Comments (8)
Well .. it looks like our account is severely throttled. This script reproduces the problem:
https://gist.github.com/kapadia/a414dca221c6c976d4c1
yielding the same error from our download stack:
Traceback (most recent call last):
File "/usr/local/bin/usgs", line 9, in <module>
load_entry_point('usgs==0.1.5', 'console_scripts', 'usgs')()
File "/usr/local/lib/python2.7/dist-packages/click/core.py", line 664, in __call__
return self.main(*args, **kwargs)
File "/usr/local/lib/python2.7/dist-packages/click/core.py", line 644, in main
rv = self.invoke(ctx)
File "/usr/local/lib/python2.7/dist-packages/click/core.py", line 991, in invoke
return _process_result(sub_ctx.command.invoke(sub_ctx))
File "/usr/local/lib/python2.7/dist-packages/click/core.py", line 837, in invoke
return ctx.invoke(self.callback, **ctx.params)
File "/usr/local/lib/python2.7/dist-packages/click/core.py", line 464, in invoke
return callback(*args, **kwargs)
File "/usr/local/lib/python2.7/dist-packages/usgs/scripts/cli.py", line 198, in download_url
data = api.download(dataset, node, scene_ids, product)
File "/usr/local/lib/python2.7/dist-packages/usgs/api.py", line 139, in download
_check_for_usgs_error(root)
File "/usr/local/lib/python2.7/dist-packages/usgs/api.py", line 44, in _check_for_usgs_error
raise USGSError(fault_string)
usgs.USGSError: User currently has more than 10 downloads that have not been attempted in the past 10 minutes.
There are still a few scenes that squeeze through this constraint.
Since the time limit threshold is stated as 10 minutes.
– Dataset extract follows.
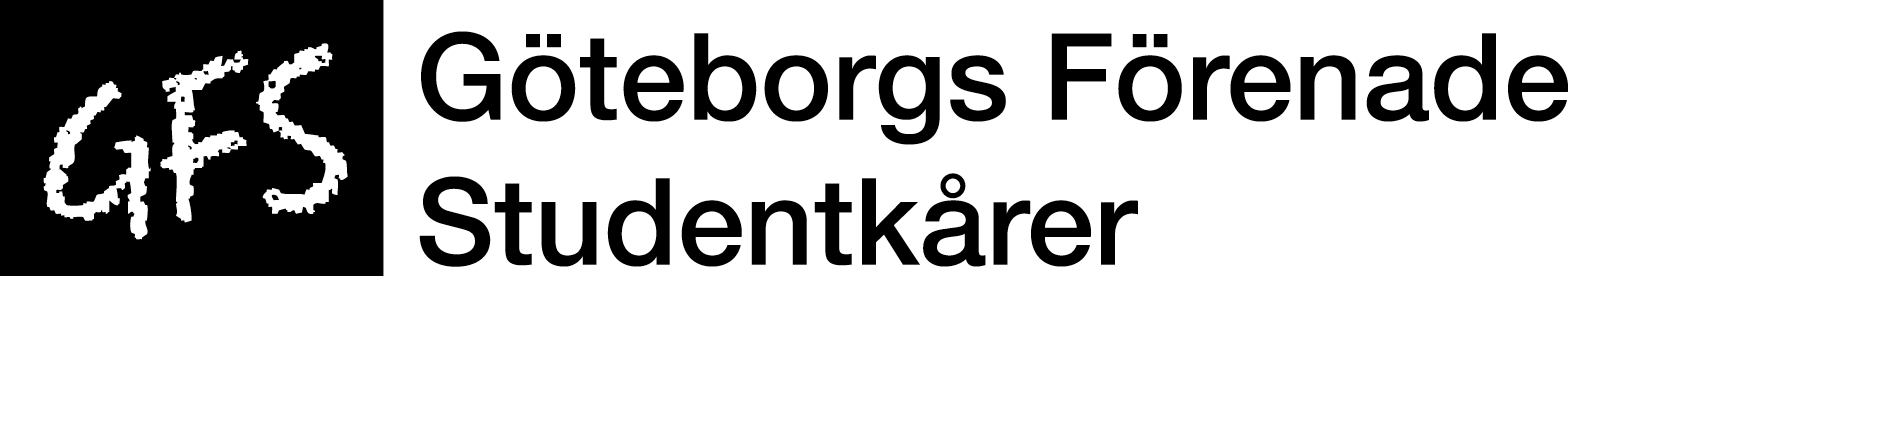 sanmodan: GFS söker styrelseledamot till Folkuniversitetet, Kursverksamheten vid Göteborgs universitet Göteborg Förenade Studentkårer (GFS) är en ideell samarbetsorganisation för studentkårerna i

I've temporarily paused the stack as an effort to clear this constraint. We'll likely still have to re-factor the landsat-ingestor to request fewer download urls, or act on them more rapidly.
from landsat_ingestor.
heyo @kapadia, thanks for the info
There are still a few scenes that squeeze through this constraint.
to clarify, this means if > 10 downloads are attempted within 10 minute limit is the issues that the majority are failing? ie a few sneak through
I've temporarily paused the stack as an effort to clear this constraint.
sounds like this might exacerbate the issue if there will then be a greater backlog of imagery to download, no? trying to get a grasp on how the queue is working here (poking at the puller utils).
from landsat_ingestor.
Hiya @camillacaros -
I'm still trying to understand the exact meaning of the error posted above. My interpretation based purely on the message is that if 10 download urls have been requests AND not attempted, then USGS will return an error.
In it's current state, the landsat-ingestor uses parallel
to request 10 scenes at a time. Because we still experience a high number of 503s from USGS servers, we likely surpass the limit of untried downloads by a large margin.
Temporarily pausing the stack is an effort to clear out the 10 untried download constraint that USGS is now tracking.
from landsat_ingestor.
@kapadia You might find turning the parallel's down to 5 or 6 mostly clears the "more than 10 outstanding download urls".
from landsat_ingestor.
@warmerdam Yes that's one change to be made, however, (I think) the 503s that we continue to encounter contribute to the limit. This would result in amounting many download urls that have not been marked as accessed.
from landsat_ingestor.
To better understand the rate limiting, I hit USGS servers in various ways. The gist posted above helps confirm that a user cannot have more than 10 download urls that have not been accessed (e.g. you can't just hoard urls, you gotta use them). We crossed that line pretty quickly by running 10 concurrent downloads, while also continuing to get 503s.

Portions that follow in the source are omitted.